Whether a spider’s web or the striated rhythms in the bark on a tree, we find and satiate ourselves with patterns in nature. We replicate them, we deconstruct them, and we discover them in our works from rugs and blankets to jewelry and ceramics to paintings. The wonder of painting can be found in how we discover patterns within patterns like diving into a 3 way mirror. Even our gestures and materials suggest new patterns.
In art we discover how intended patterns reveal suggestive accidental patterns, how positive shapes reveal negative shapes. In the early 1600s artists of the Mughal empire plotted out their small works making flattened shapes of flora and fauna They allowed the negative adjacent space to create rhythmic designs echoing the intended shapes of the flora and fauna. The image ran from symbolic content to decorative surface.
Example 1 provides an example. Notice the negative shapes and their rhyming with the positive shapes. Notice that animals and flora share postures and scale sizes as well as the negative shapes. The image is a flattened map of interweaving forms which flips in our brain to become a dance of animals, flora and interlocking forms.
While painting I realize how indebted I am to the decorative schema of the Mughal artists, or the decorations on the sides of ancient craters or Native American ceramic patterns. In making a painting If find this intertwining of vegetable forms with rhythmic abstract patterns can be coaxed into an illusion which refers back to the multicultural history of decorative patterns. I find the chaotic patterns of interlaced flora in a meadow offers an opportunity for beginning a painting with patterns. Here is a subject which has one foot in illusionism and one in flat patterns. Example 2 presents a photograph of a November meadow alongside my initial painting. The painting aims at building both patterns and ambiguous information. Example 3 presents the painting after further development. Example 4 is another version of the same image but, stretched into a vertical (oil on paper). This was a demonstration piece from the Art of the Carolinas this month.

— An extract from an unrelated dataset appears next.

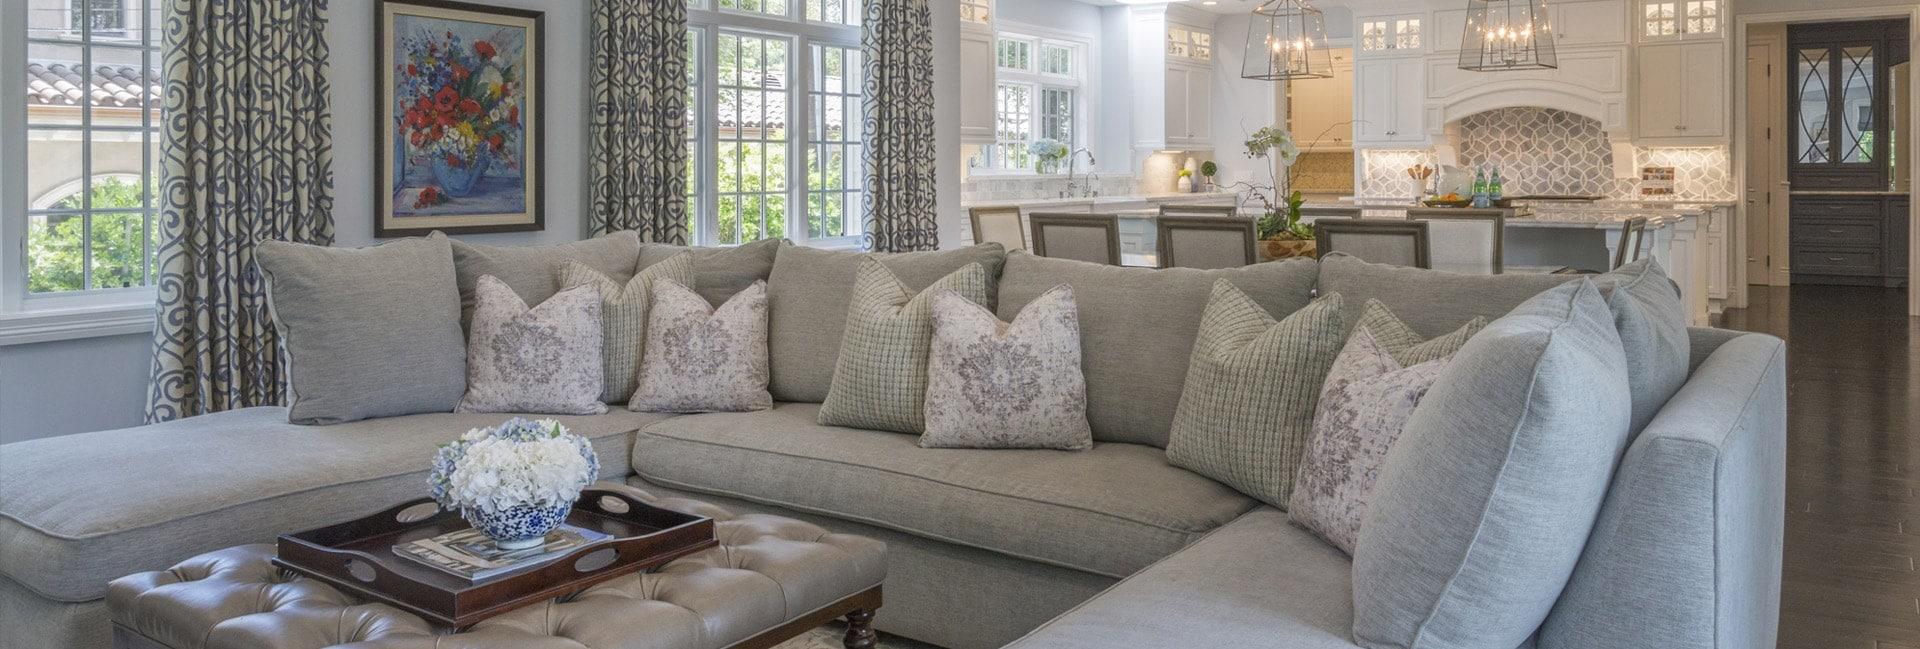 Glendale Ca Upscale Interior Design

The image still wanted greater design simplicity, more motion (vitality), and a more singularly coherent design. I began again in oil on anodized aluminum, 24×24. The sensation of leaves attracted toward the ground plane with a vertical sense of motion served as motivation. Example 5. presents the first step before greater edge clarification and then later edge obfuscation as seen in example 6.
Each version offers its own different set of negative/positive relationships. Blurring them was my strategy to unify the surface.
In the next sequence I begin with a recent painting that has failed to stir me, an oil on brushed gold anodized aluminum 48×48, example 7. Example 8 presents the next step (step one) which was to cover and reveal parts of example 7 as I superimposed another natural patterned image. Example 9 presents step two. It’s as far as I gone to date ( as of today). My process is to blur and reveal, then repeat. I find rhyming flora shapes in the interstitial spaces as well as the definitive spaces (leaf shapes). Even the larger light area above is meant as a mirrored counterpoint to the darker blue area below. Macro and micro shapes look for correlates in negative and positive shapes.
Finally, I noticed the Mughal painting relied on curves and circular forms to carry a harmonic rhythm through the painting. When I tried to find a similar circular set of rhythms I found I was brought back to trying another water circle painting but now with a greater awareness of the Mughal precedent. For me this meant I would try to have layers of interlocking shapes, some with broken horizontal intentions and some with broken circular intentions.